I agree that LLMs are naturally anti abstraction machines.. I'm often trying to find way to reverse that.
> I agree that LLMs are naturally anti abstraction machines.. I'm often trying to find way to reverse that.
I am a bit of an LLM cynic but I am trying to learn it all, and I have to say I have spent most time trying to work out: how do you explain how a brown-field codebase actually works, in such a way that the LLM won't pervert it through misunderstanding.
It does encourage you towards the "conventional" coding standard for any new project, because you want to use a pattern that it will have seen in its training set.
But for example there are differences of opinion in how wordpress plugins (which have a very complex control flow) should be structured.

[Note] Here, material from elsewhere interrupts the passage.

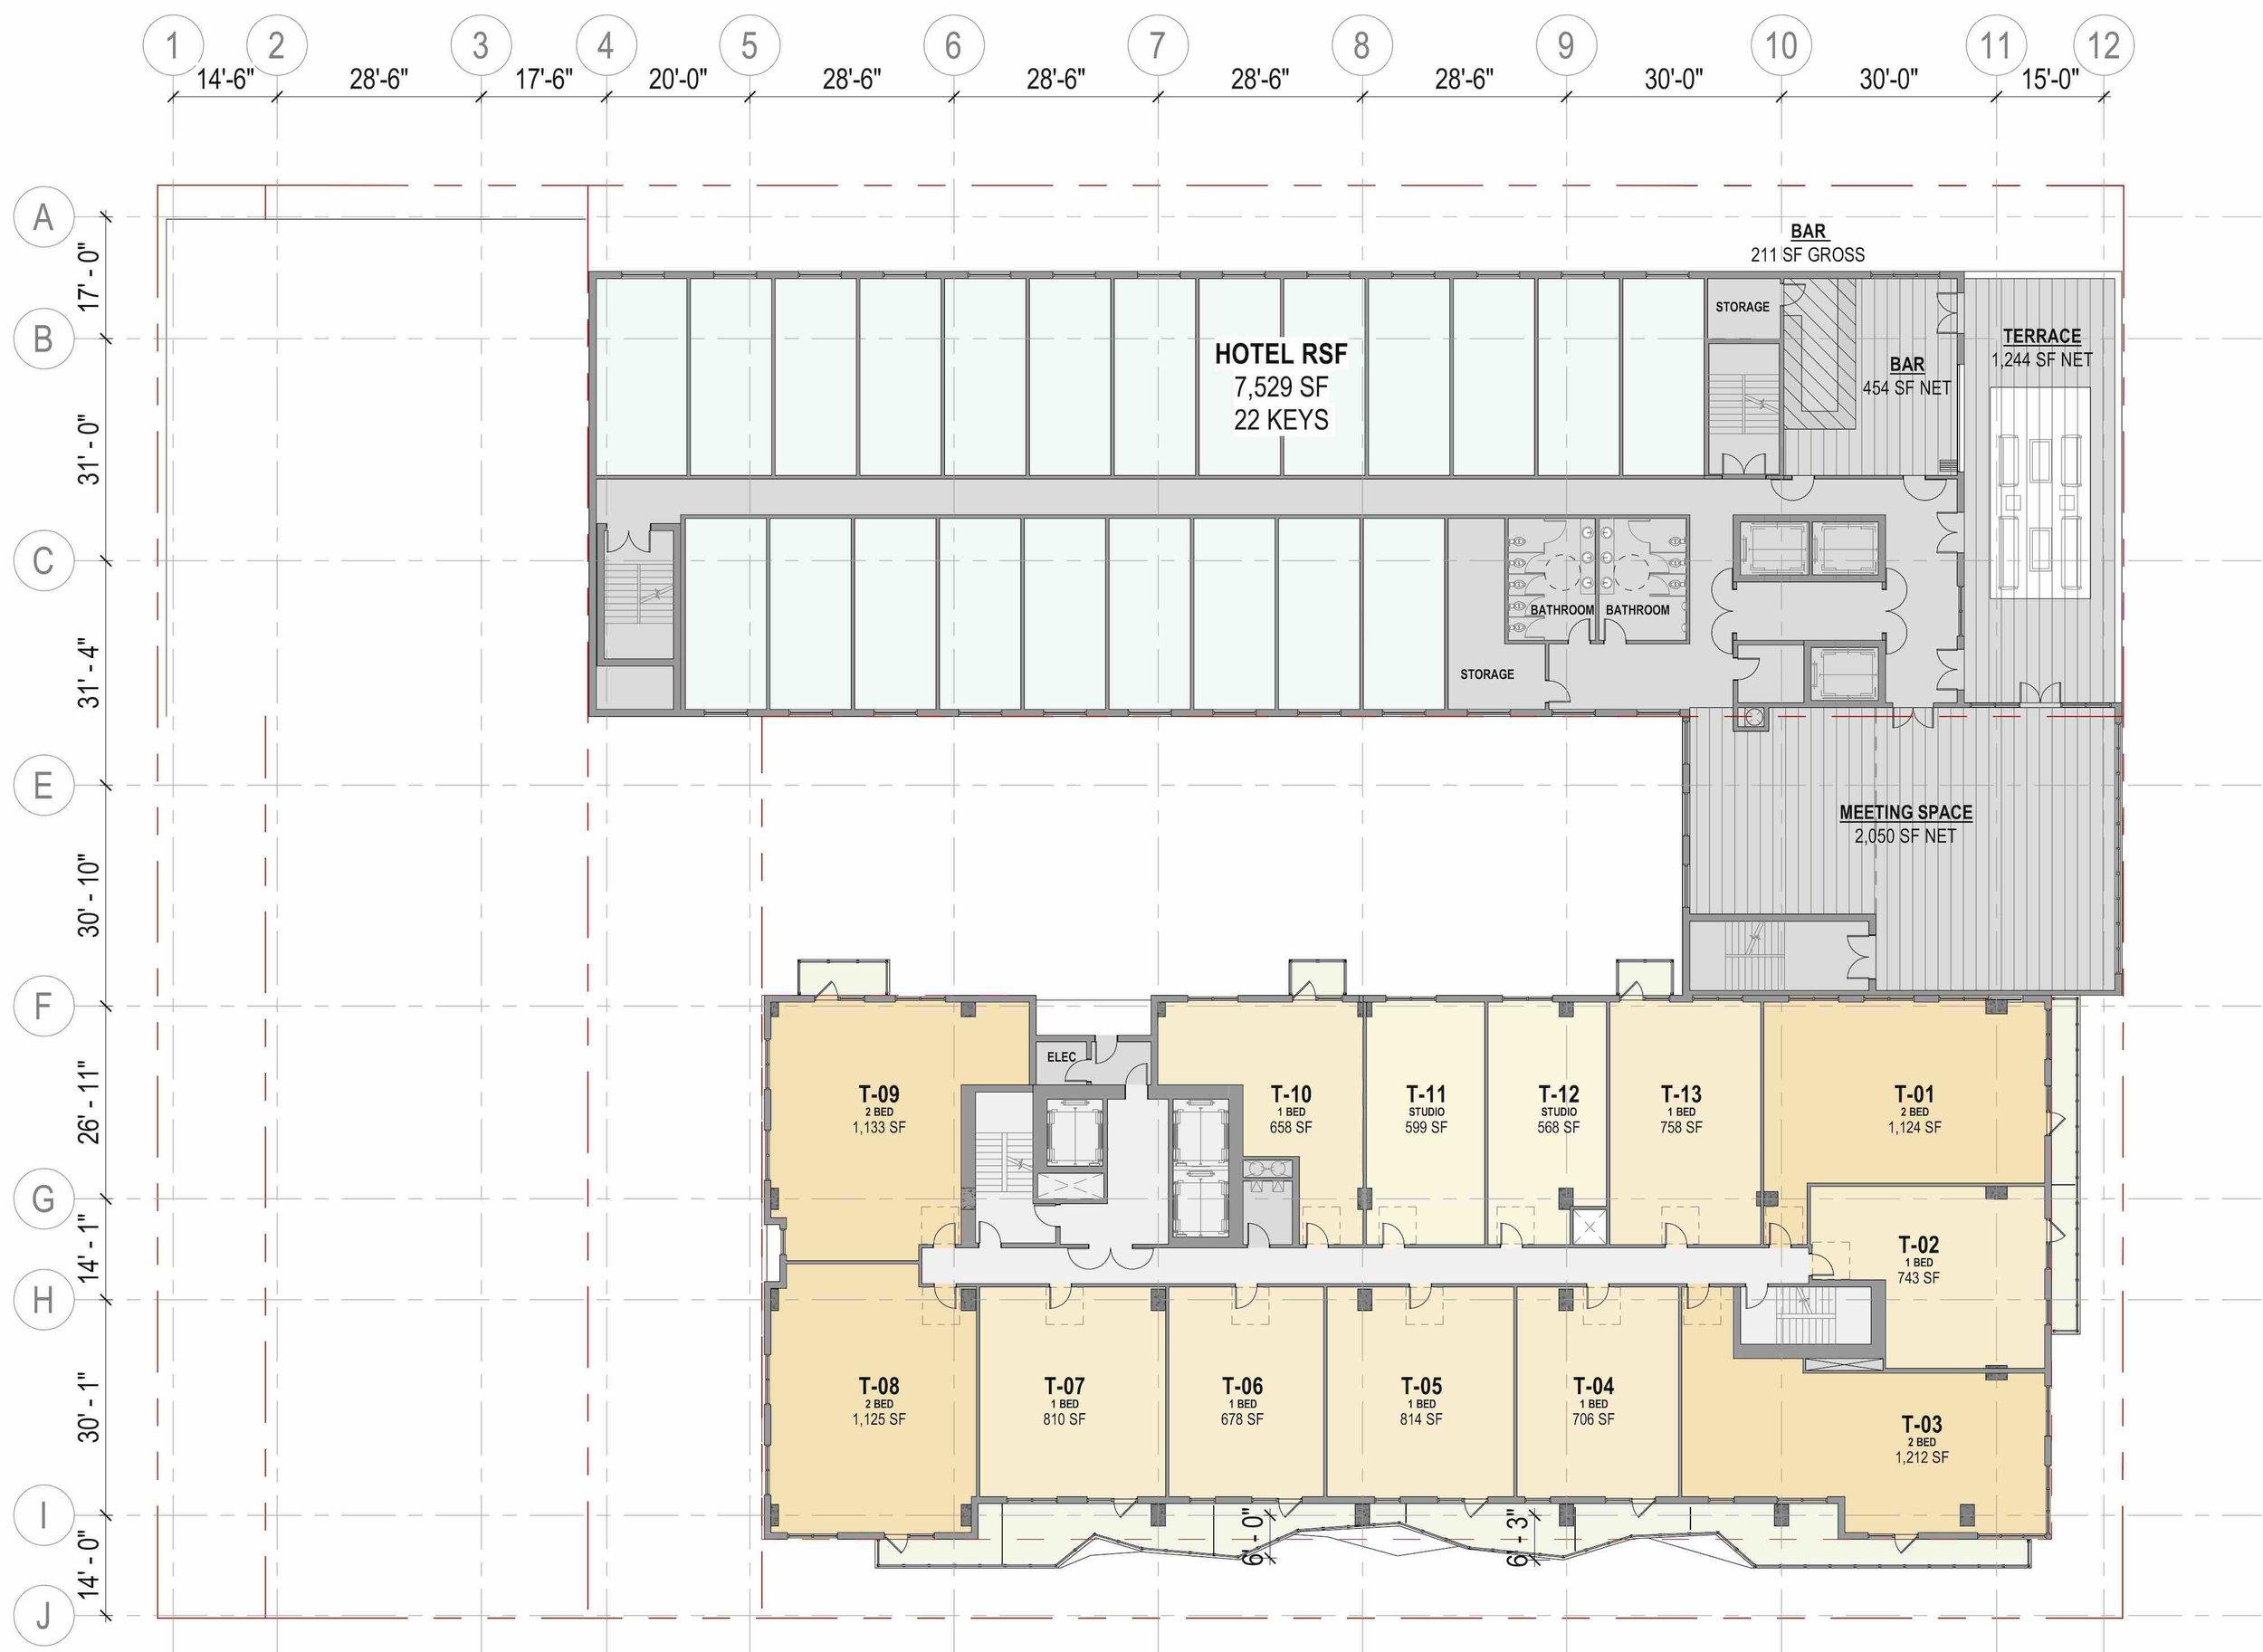 Site Plan - 8th Floor (Hotel Amenities)

LLMs are incredible at knowing how WP works, actually, but what is difficult is explaining how your methodology for a large plugin is going to work.
It is a battle — but a useful one because it can be used for, er, studying the comparative belief systems of the LLMs.
I think you applied this idea into the era of LLMs but consider an abstraction that takes in multiple god structs for branches it may or may not call in the case you are looking at and has a lot of if conditions that explode in combinatory complexity across a deep call chain. Now the bottle neck is that you need to call this function 144 times a second. That is where you start to have clusters of hot code paths where the latency stacks depending on the angle the god structs come in.
Not sure what LLMs do here, I don't vibe code
I am applying it to LLMs on the basis of twenty years of seeing smaller programming shops tie themselves in knots by using duplication to avoid developing an abstraction that would help them because they were unsure of it.
Everyone always thinks duplication is fine when you can bill the modifications by the hour. But they never think to understand that the reason they've had so many employees is that they've turned their change process into firefighting all the different versions of the same code and all these young developers burn out from the sheer anxiety of not knowing where all the little fires are.
I once had to rescue a site that had become a victim of its own popularity, that was written by subcontractors who clearly believed that duplication is better than the wrong abstraction.
Until one day, along came a change — MySQL 4 to MySQL 5 — and a significant duplicated query no longer worked due to its new, proper strictness.
The problem was compounded; not only was the broken pattern in hundreds of places where it had sat, stable and predictable, but the pattern was broken because it, itself, was avoidance of another abstraction that would solve it.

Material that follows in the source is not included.